Il refait surface partout à la télévision et dans les médias imprimés. Emmanuel Macron sera même dans les foyers français le mercredi 5 mars pour une adresse télévisée prévue à 20 heures. Depuis plusieurs semaines, le président se montre très actif face à la crise ukrainienne qui s’intensifie, surtout après l’annonce du 4 mars par un représentant de la Maison Blanche de la suspension temporaire du soutien militaire à Kiev. Cette décision suit de près la confrontation historique ayant eu lieu le vendredi précédent dans le Bureau ovale entre Volodymyr Zelensky et Donald Trump.
Avant cet évènement inattendu, le président français s’était rendu à Washington le lundi 24 février, pour persuader les États-Unis de ne pas soutenir un accord de paix trop conciliant envers la Russie. Le dimanche suivant, répondant à l’attitude hostile de Donald Trump, Macron s’est montré aux côtés du président ukrainien, affichant ainsi son soutien indéfectible à Kiev lors d’un sommet à Londres dédié à la situation en Ukraine, un pays en guerre depuis plus de trois ans.
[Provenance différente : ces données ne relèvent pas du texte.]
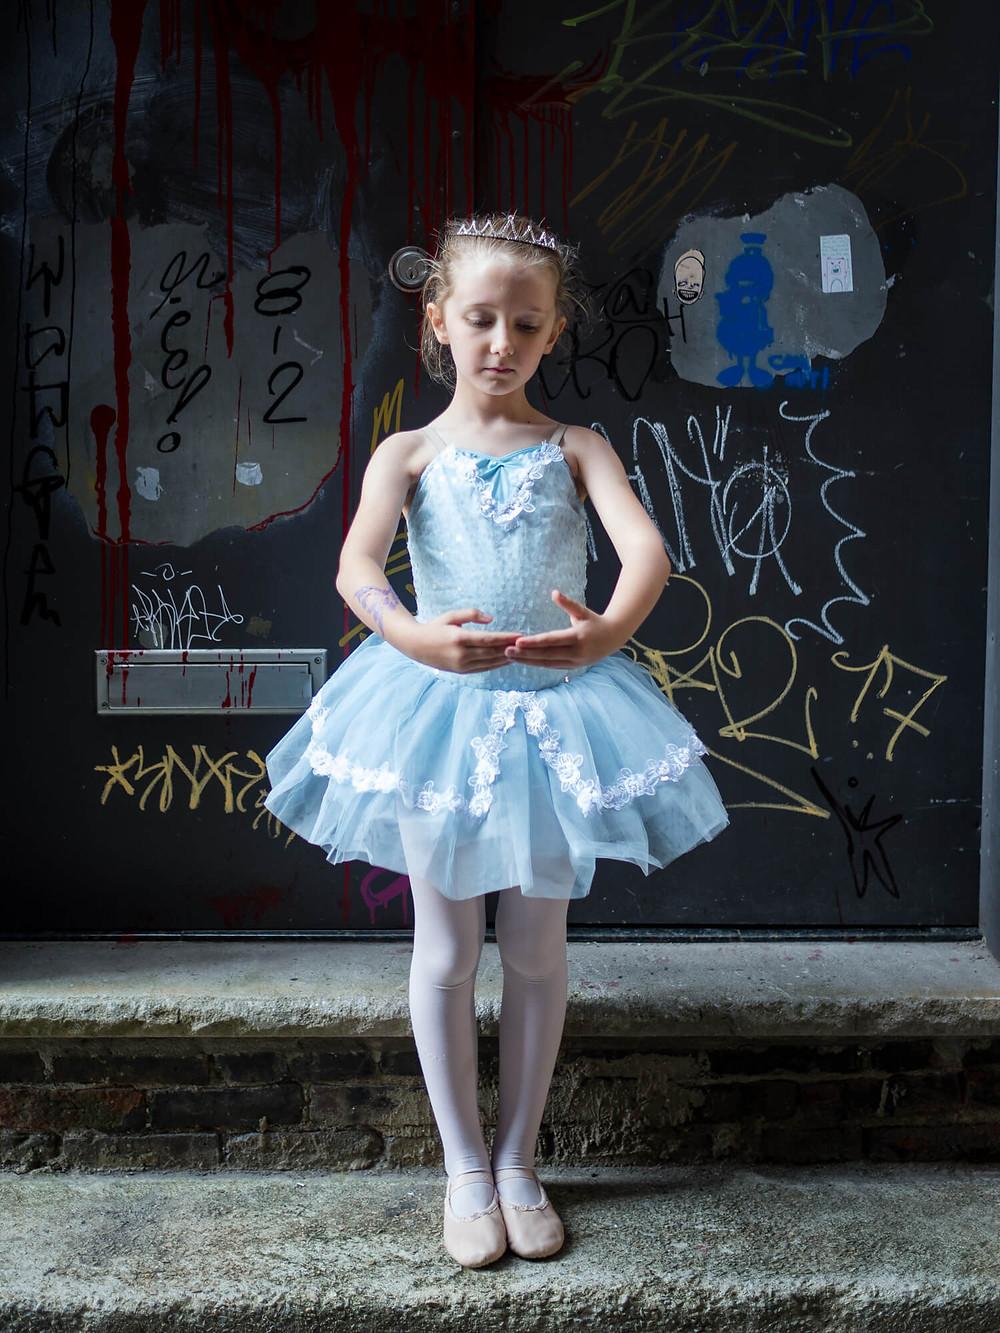 ballerina in front of graffiti

Une popularité en hausse comme lors du début du conflit ?
Au milieu des bouleversements mondiaux, un sondage est venu réchauffer l’ambiance autour de l’avion présidentiel. Le baromètre mensuel réalisé par Toluna Harris Interactive pour LCI, publié vendredi, révèle que la confiance envers Emmanuel Macron a augmenté de six points, atteignant 37 %. C’est un revirement positif pour la première fois depuis décembre 2023.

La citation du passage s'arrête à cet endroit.